I have a problem of the following kind $J(\mathbf{x}) = \|\mathbf{y} - \mathbf{C}\mathbf{x}^2\|^2 + \lambda \mathbf{x}^T\mathbf{x}$ which has to be minimized. So it is like a Ridge regression but it contains $\mathbf{x}^2$ instead of $\mathbf{x}$ in the LS term (the penalty is still on $\mathbf{x}$ though).Can anybody help me derive its solution?
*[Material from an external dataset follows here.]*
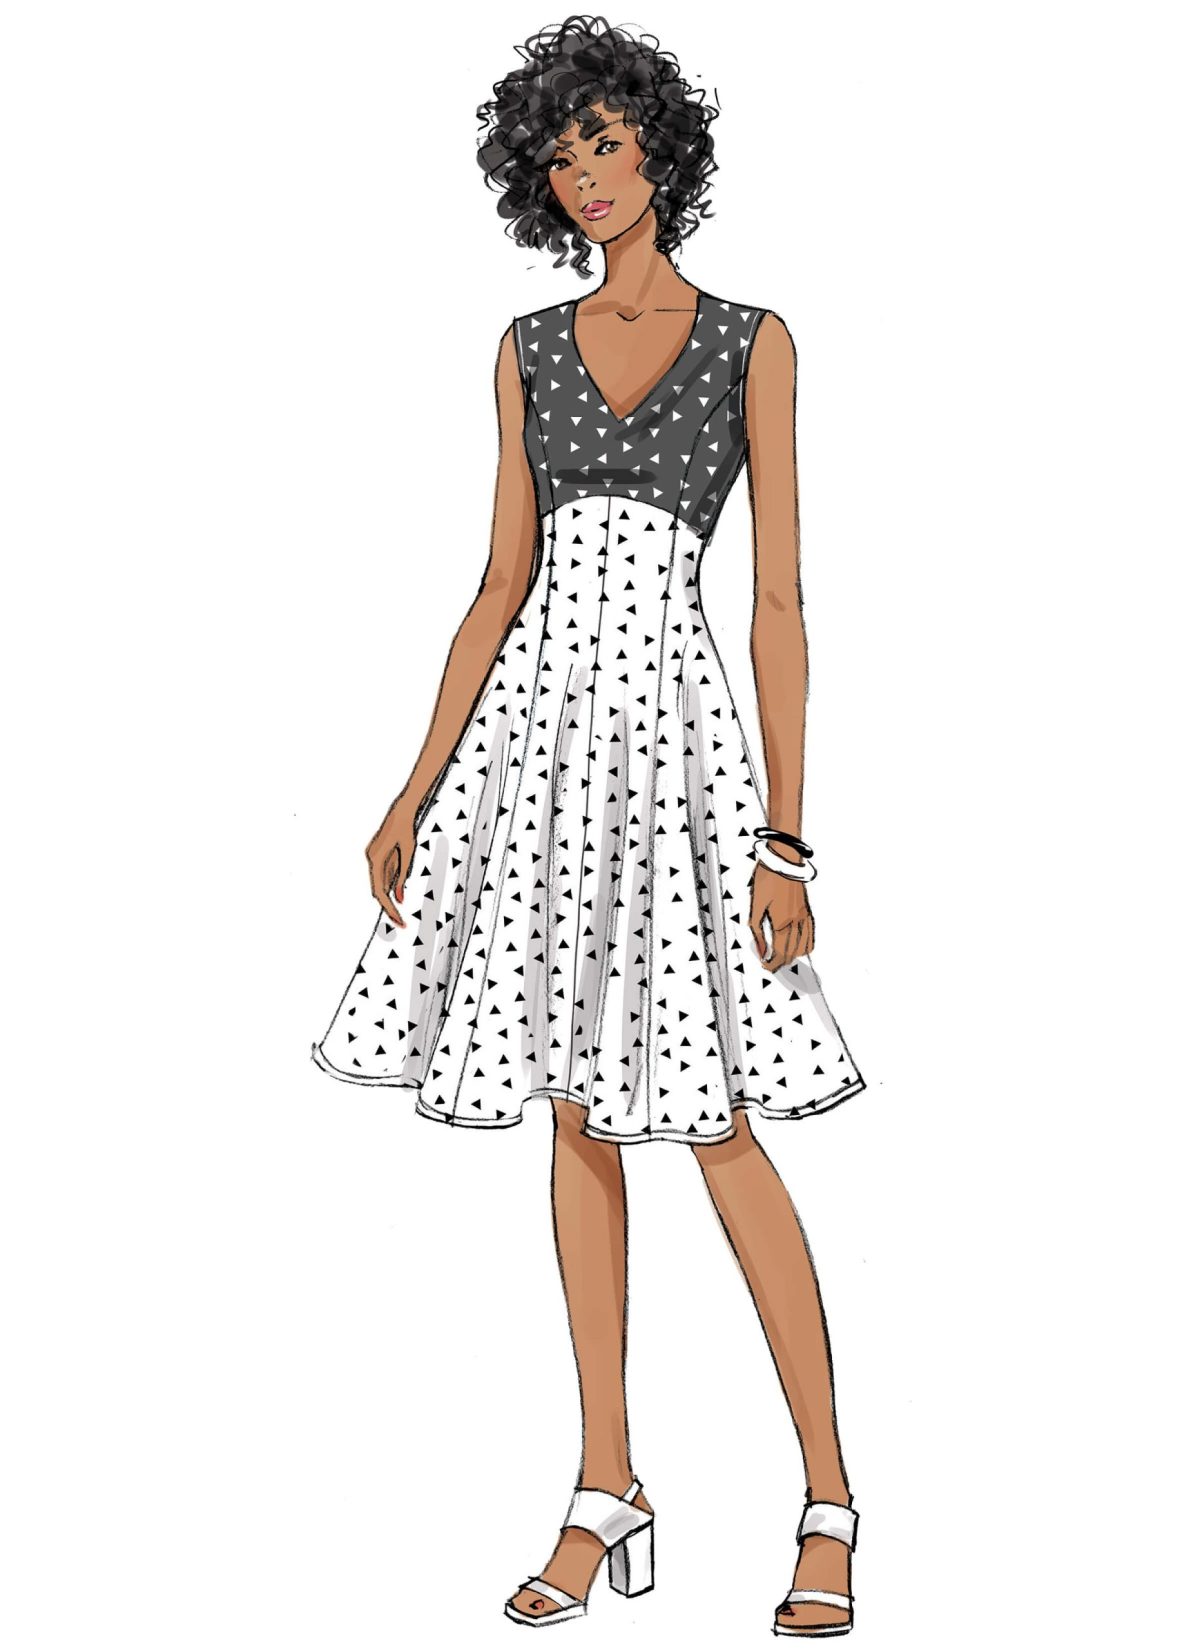 Butterick Sewing Pattern B6448 Misses' Fit-and-Flare, Empire-Waist Dresses

I'm having some troubles when I reach deriving matrices.
I'm getting here:
$J(\mathbf{x}) = (\mathbf{y}-\mathbf{x}^T\mathbf{C}\mathbf{x})^T(\mathbf{y}-\mathbf{x}^T\mathbf{C}\mathbf{x}) + \lambda \mathbf{x}^T\mathbf{x}$
$J(\mathbf{x}) = \mathbf{y}^T\mathbf{y} - \mathbf{x}^T\mathbf{C}^T\mathbf{x}\mathbf{y} - \mathbf{y}^T\mathbf{x}^T\mathbf{C}\mathbf{x} + \mathbf{x}^T\mathbf{C}^T\mathbf{x}\mathbf{x}^T\mathbf{C}\mathbf{x} + \lambda\mathbf{x}^T\mathbf{x}$
$J(\mathbf{x}) = \mathbf{y}^T\mathbf{y} - \mathbf{y}^T\mathbf{x}^T\mathbf{C}\mathbf{x} - \mathbf{y}^T\mathbf{x}^T\mathbf{C}\mathbf{x} + \mathbf{x}^T\mathbf{C}^T\mathbf{x}\mathbf{x}^T\mathbf{C}\mathbf{x} + \lambda\mathbf{x}^T\mathbf{x}$
$J(\mathbf{x}) = \mathbf{y}^T\mathbf{y} - 2\mathbf{y}^T\mathbf{x}^T\mathbf{C}\mathbf{x} + \mathbf{x}^T\mathbf{C}^T\mathbf{x}\mathbf{x}^T\mathbf{C}\mathbf{x} + \lambda\mathbf{x}^T\mathbf{x}$
Minimizing means: $\frac{\delta J(\mathbf{x})}{\delta \mathbf{x}} = 0 $
And that is where I'm stuck... Anyone familiar with matrix derivations that can help me?
edit:
$\frac{\delta J(\mathbf{x})}{\delta \mathbf{x}} = 0 = -2\mathbf{x}^T\mathbf{C}^T\mathbf{y} - 2\mathbf{y}^T\mathbf{x}^T\mathbf{C}+\mathbf{x}^T\mathbf{C}^T\mathbf{x}\mathbf{x}^T\mathbf{C}+\mathbf{x}^T\mathbf{C}^T\mathbf{x}^T\mathbf{C}\mathbf{x}+\mathbf{x}^T\mathbf{C}^T\mathbf{x}^T\mathbf{C}\mathbf{x}+\mathbf{x}^T\mathbf{C}^T\mathbf{x}\mathbf{x}^T\mathbf{C}+\lambda\mathbf{x}^T+\lambda\mathbf{x}^T$
$0 = -2\mathbf{x}^T\mathbf{C}^T\mathbf{y} - 2\mathbf{y}^T\mathbf{x}^T\mathbf{C}+2\mathbf{x}^T\mathbf{C}^T\mathbf{x}\mathbf{x}^T\mathbf{C}+2\mathbf{x}^T\mathbf{C}^T\mathbf{x}^T\mathbf{C}\mathbf{x}+2\lambda\mathbf{x}^T$
$0 = -\mathbf{x}^T\mathbf{C}^T\mathbf{y} - \mathbf{y}^T\mathbf{x}^T\mathbf{C}+\mathbf{x}^T\mathbf{C}^T\mathbf{x}\mathbf{x}^T\mathbf{C}+\mathbf{x}^T\mathbf{C}^T\mathbf{x}^T\mathbf{C}\mathbf{x}+\lambda\mathbf{x}^T$
$\mathbf{x}^T\mathbf{C}^T\mathbf{y}+\mathbf{y}^T\mathbf{x}^T\mathbf{C}=\mathbf{x}^T\mathbf{C}^T\mathbf{x}\mathbf{x}^T\mathbf{C}+\mathbf{x}^T\mathbf{C}^T\mathbf{x}^T\mathbf{C}\mathbf{x}+\lambda\mathbf{x}^T$
Aaaand... I'm stuck again... And I'm not even sure my derivation is correct...